EXERCISE REQUIREMENTS: Output the lines below exactly, please, from the first line until the line with "Keep Calm and", counting both.

Collected data:

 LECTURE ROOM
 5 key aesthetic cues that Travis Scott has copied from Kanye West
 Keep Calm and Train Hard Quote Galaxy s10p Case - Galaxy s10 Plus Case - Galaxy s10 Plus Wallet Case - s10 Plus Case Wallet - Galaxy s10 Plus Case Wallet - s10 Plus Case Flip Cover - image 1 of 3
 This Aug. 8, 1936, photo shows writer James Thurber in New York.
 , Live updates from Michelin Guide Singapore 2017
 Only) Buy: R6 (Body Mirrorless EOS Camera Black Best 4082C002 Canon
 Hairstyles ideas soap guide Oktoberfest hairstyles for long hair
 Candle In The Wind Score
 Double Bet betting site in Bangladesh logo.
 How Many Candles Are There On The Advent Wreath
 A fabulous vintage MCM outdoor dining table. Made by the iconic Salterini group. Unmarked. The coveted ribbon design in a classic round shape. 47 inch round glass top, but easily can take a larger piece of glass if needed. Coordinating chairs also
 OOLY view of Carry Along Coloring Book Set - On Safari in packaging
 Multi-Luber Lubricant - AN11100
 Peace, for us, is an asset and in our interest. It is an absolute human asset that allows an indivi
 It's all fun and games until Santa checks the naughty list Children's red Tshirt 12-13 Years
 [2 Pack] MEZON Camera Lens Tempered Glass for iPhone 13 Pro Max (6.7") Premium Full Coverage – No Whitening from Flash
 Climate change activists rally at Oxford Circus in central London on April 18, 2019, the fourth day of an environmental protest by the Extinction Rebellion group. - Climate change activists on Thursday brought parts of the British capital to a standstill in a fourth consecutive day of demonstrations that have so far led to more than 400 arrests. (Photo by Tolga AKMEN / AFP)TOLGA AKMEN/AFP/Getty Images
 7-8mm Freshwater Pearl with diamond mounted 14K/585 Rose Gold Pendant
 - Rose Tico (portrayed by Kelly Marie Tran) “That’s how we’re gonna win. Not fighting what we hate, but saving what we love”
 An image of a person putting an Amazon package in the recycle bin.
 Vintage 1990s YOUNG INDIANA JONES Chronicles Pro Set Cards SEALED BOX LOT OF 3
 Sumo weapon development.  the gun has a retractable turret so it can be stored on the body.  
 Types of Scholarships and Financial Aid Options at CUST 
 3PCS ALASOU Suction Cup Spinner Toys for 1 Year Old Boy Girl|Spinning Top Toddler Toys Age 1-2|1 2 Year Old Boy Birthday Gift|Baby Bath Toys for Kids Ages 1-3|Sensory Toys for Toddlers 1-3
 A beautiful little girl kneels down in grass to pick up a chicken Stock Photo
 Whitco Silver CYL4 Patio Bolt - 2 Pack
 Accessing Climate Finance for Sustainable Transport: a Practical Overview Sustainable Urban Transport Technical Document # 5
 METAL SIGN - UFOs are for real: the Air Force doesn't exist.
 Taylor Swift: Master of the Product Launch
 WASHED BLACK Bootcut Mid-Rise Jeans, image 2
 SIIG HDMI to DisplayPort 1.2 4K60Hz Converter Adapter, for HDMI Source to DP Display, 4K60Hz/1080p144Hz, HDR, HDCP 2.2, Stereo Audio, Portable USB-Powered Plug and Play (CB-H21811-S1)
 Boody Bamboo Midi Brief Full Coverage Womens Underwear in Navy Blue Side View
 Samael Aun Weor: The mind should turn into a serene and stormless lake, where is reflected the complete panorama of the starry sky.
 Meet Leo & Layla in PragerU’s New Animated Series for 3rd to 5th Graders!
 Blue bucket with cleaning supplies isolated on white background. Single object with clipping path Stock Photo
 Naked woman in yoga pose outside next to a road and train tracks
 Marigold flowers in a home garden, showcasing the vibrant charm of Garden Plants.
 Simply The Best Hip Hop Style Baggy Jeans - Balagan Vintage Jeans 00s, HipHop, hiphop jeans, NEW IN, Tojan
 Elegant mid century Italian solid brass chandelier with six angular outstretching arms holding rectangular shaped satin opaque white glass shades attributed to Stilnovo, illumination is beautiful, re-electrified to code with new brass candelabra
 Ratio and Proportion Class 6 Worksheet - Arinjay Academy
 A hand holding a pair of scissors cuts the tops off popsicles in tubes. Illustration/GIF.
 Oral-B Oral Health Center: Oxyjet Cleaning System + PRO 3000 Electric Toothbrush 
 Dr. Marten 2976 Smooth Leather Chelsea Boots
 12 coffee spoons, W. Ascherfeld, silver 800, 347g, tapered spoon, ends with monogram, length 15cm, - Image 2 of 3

WRITTEN REPLY:
 LECTURE ROOM
 5 key aesthetic cues that Travis Scott has copied from Kanye West
 Keep Calm and Train Hard Quote Galaxy s10p Case - Galaxy s10 Plus Case - Galaxy s10 Plus Wallet Case - s10 Plus Case Wallet - Galaxy s10 Plus Case Wallet - s10 Plus Case Flip Cover - image 1 of 3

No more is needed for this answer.